### ABOUT THIS EXERCISE
Restate the listing below word for word; no picture is to be carried over.

### DATA EXCERPT
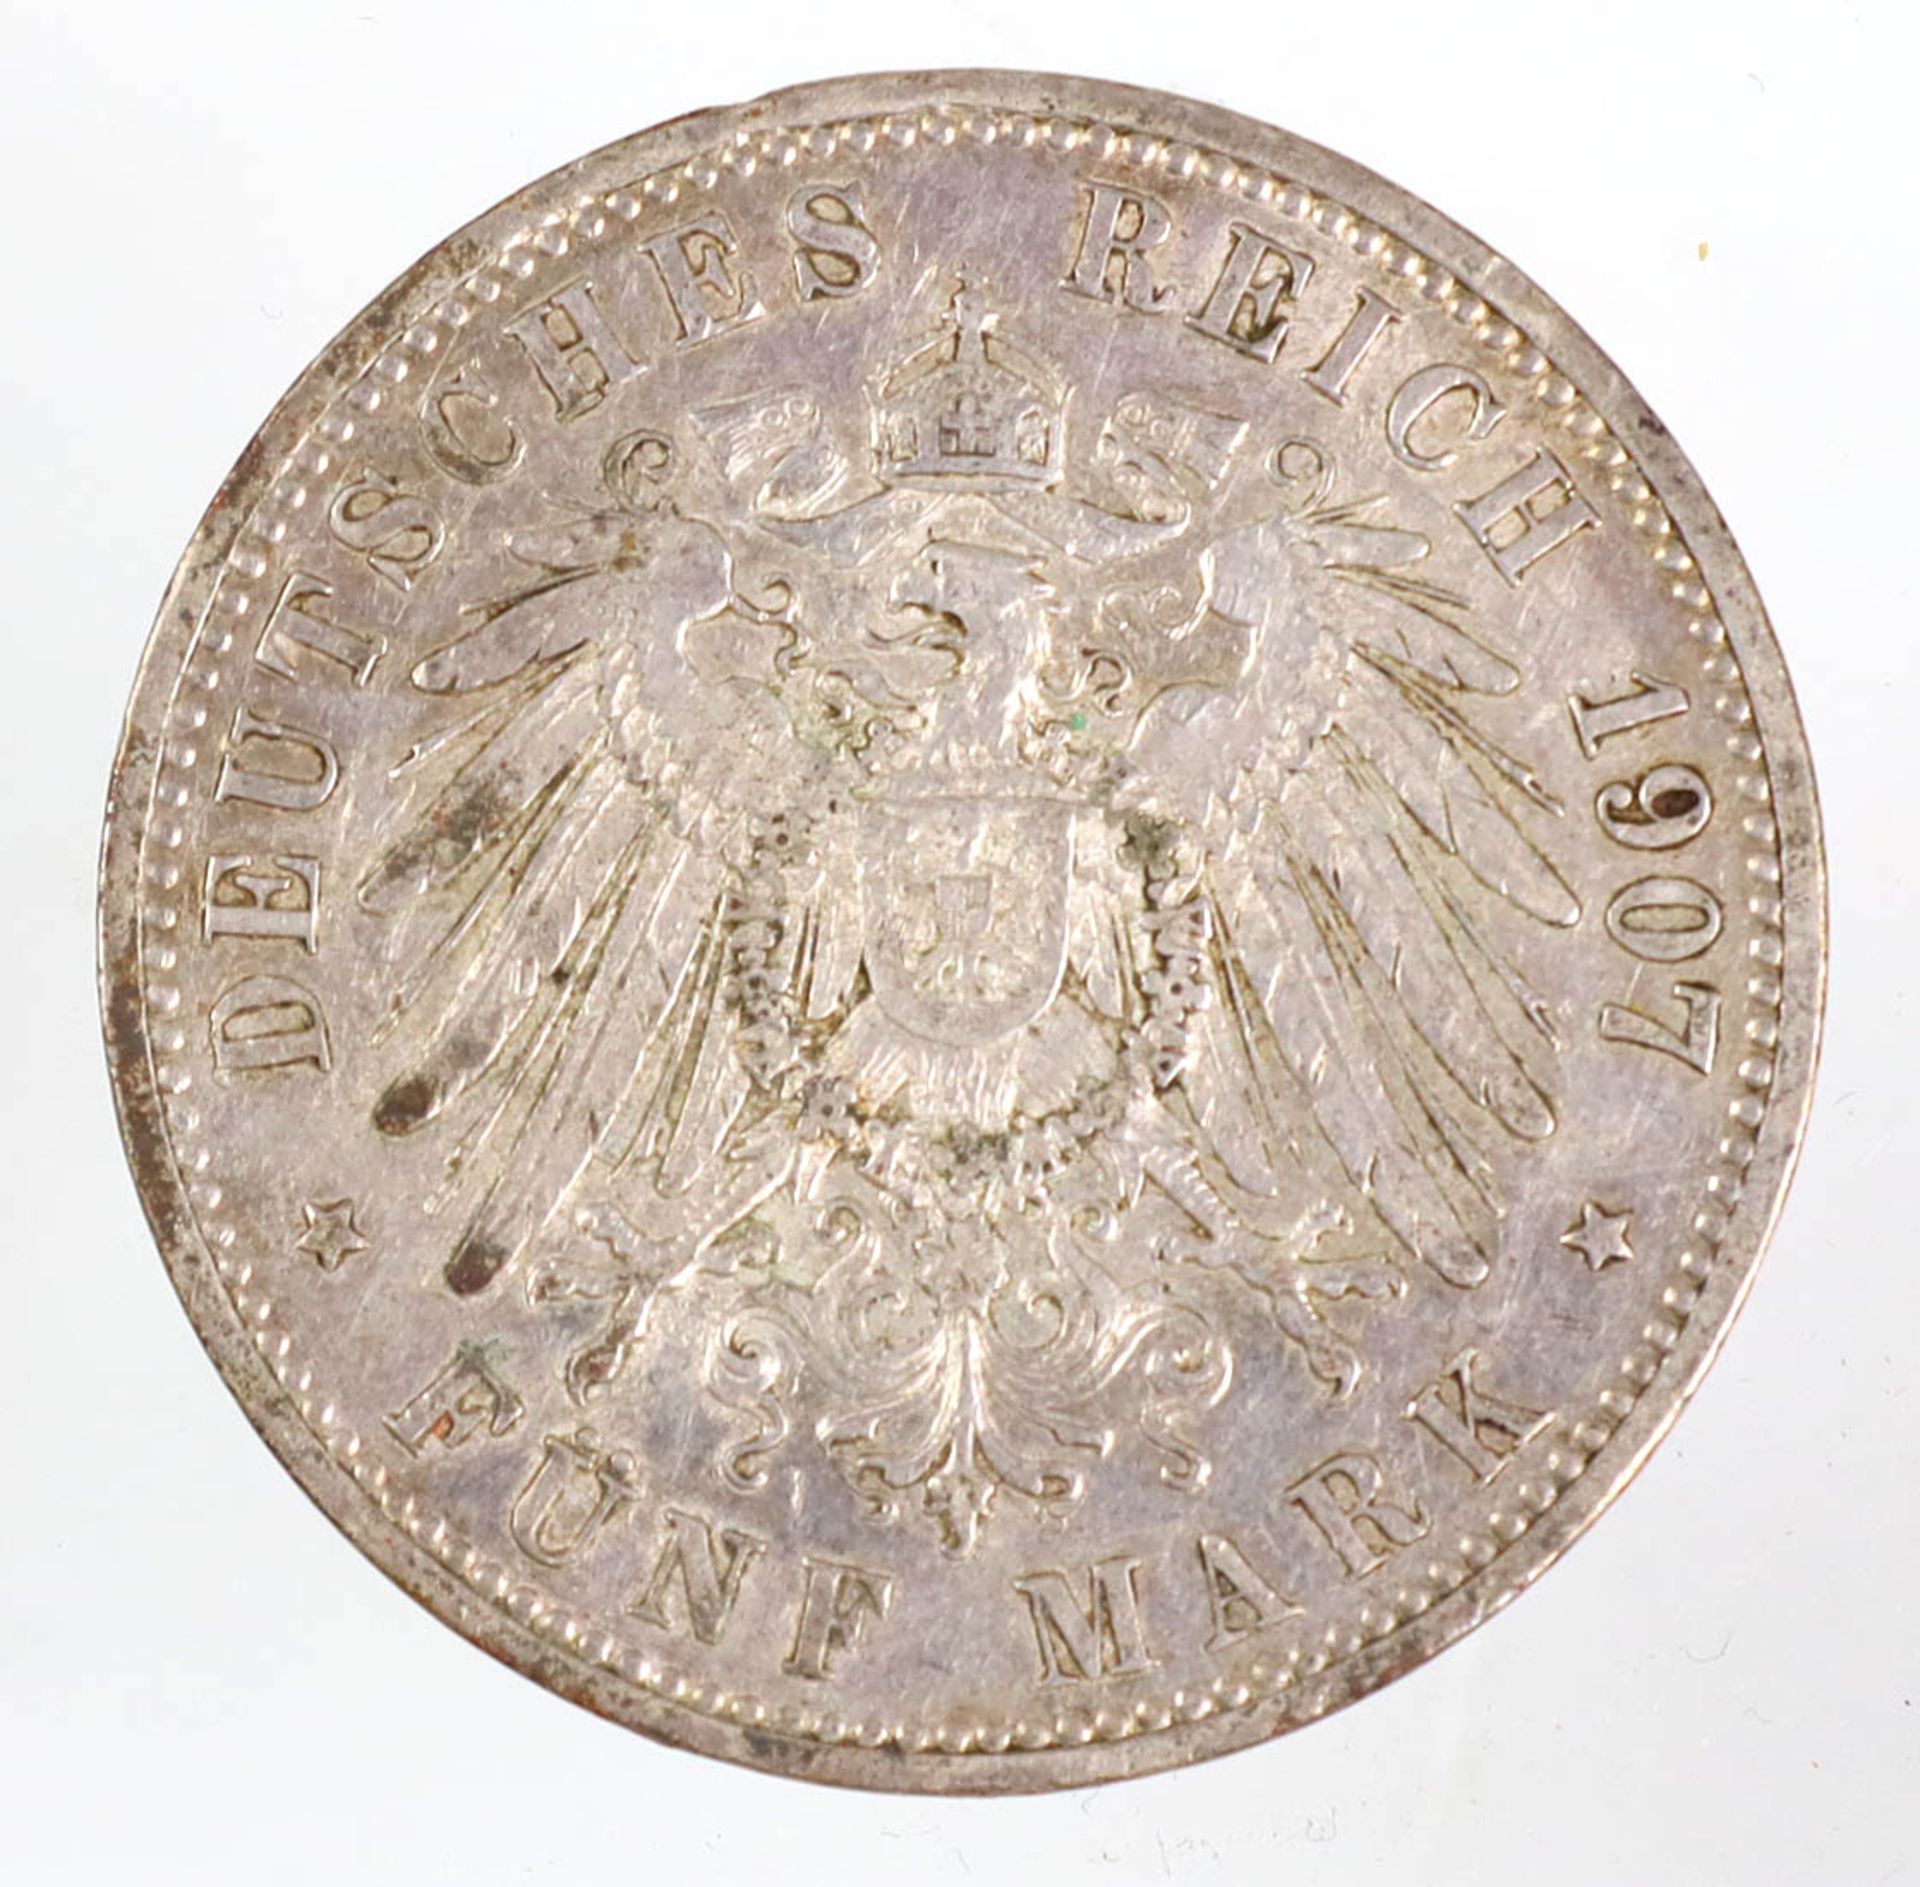 5 Mark Wilhelm II Preussen 1907 ASilbermünze Fünf Mark Deutsches Reich 1907, so um g - Bild 2 aus 2
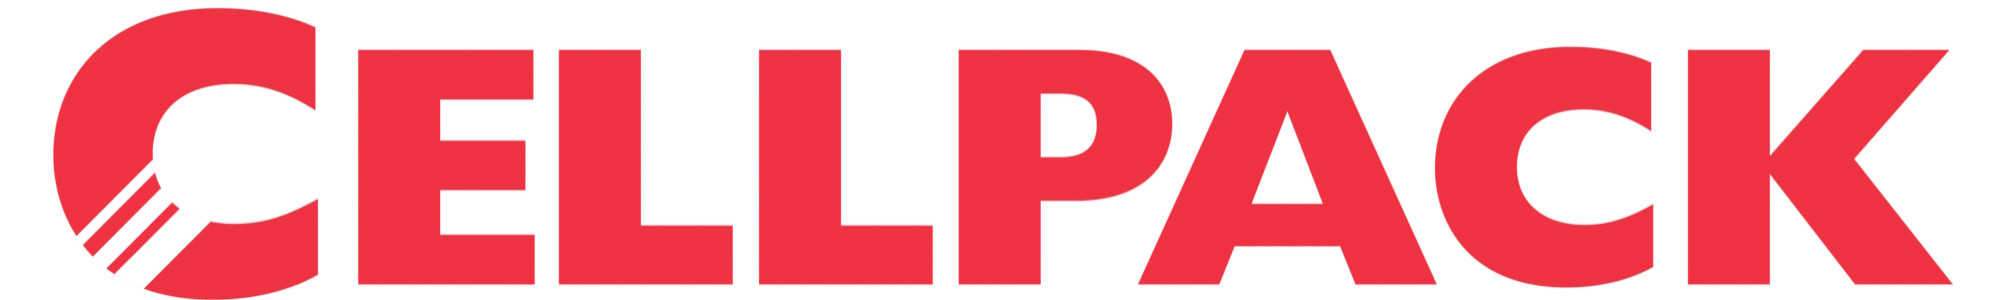 Logo Cellpack
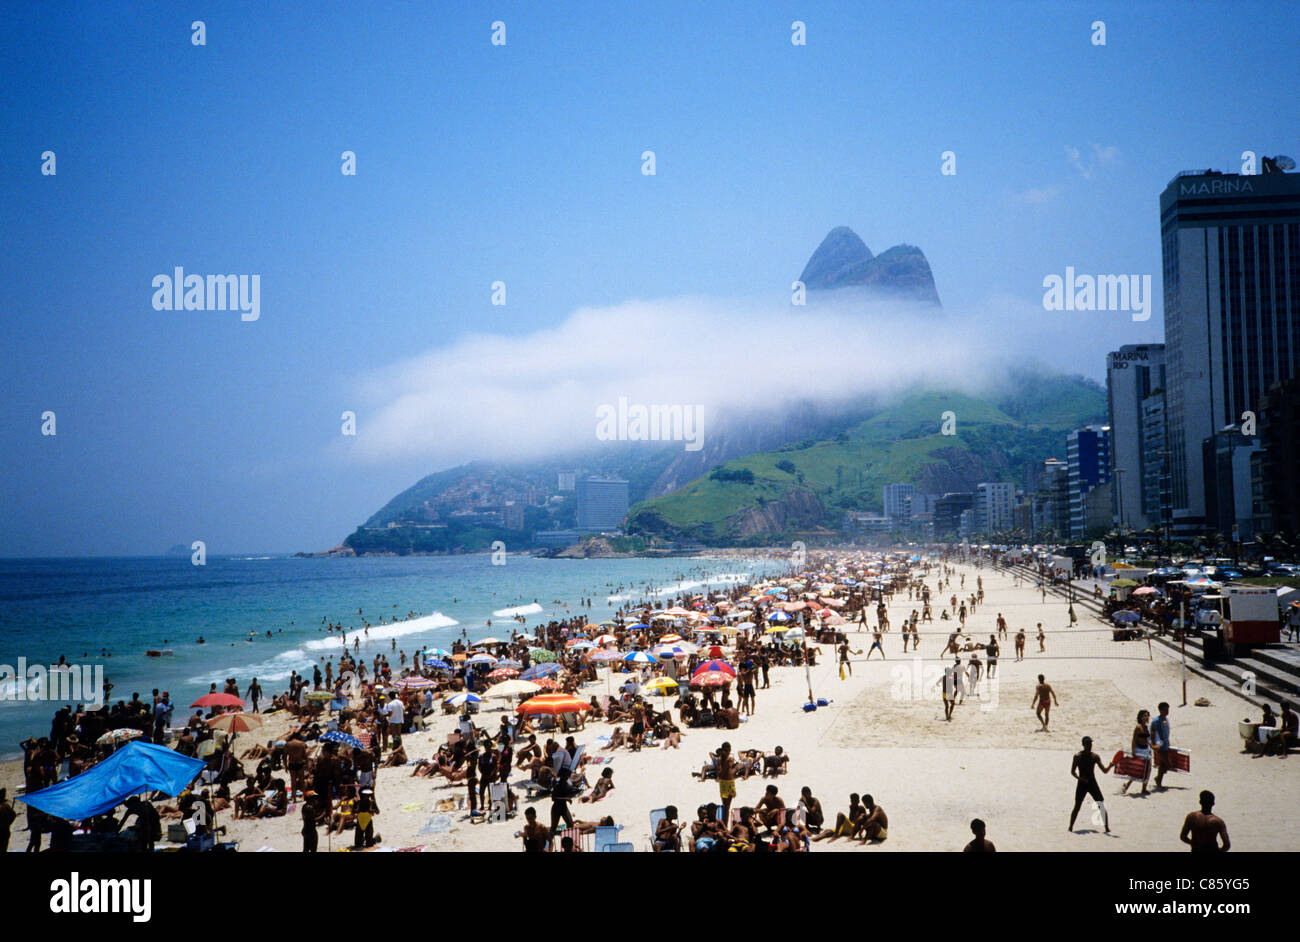 Rio de Janeiro, Brazil. Ipanema and Leblon beaches with the Dois Irmaos (Two Brothers) mountain. Stock Photo

### RESPONSE AREA
 5 Mark Wilhelm II Preussen 1907 ASilbermünze Fünf Mark Deutsches Reich 1907, so um g - Bild 2 aus 2
 Logo Cellpack
 Rio de Janeiro, Brazil. Ipanema and Leblon beaches with the Dois Irmaos (Two Brothers) mountain. Stock Photo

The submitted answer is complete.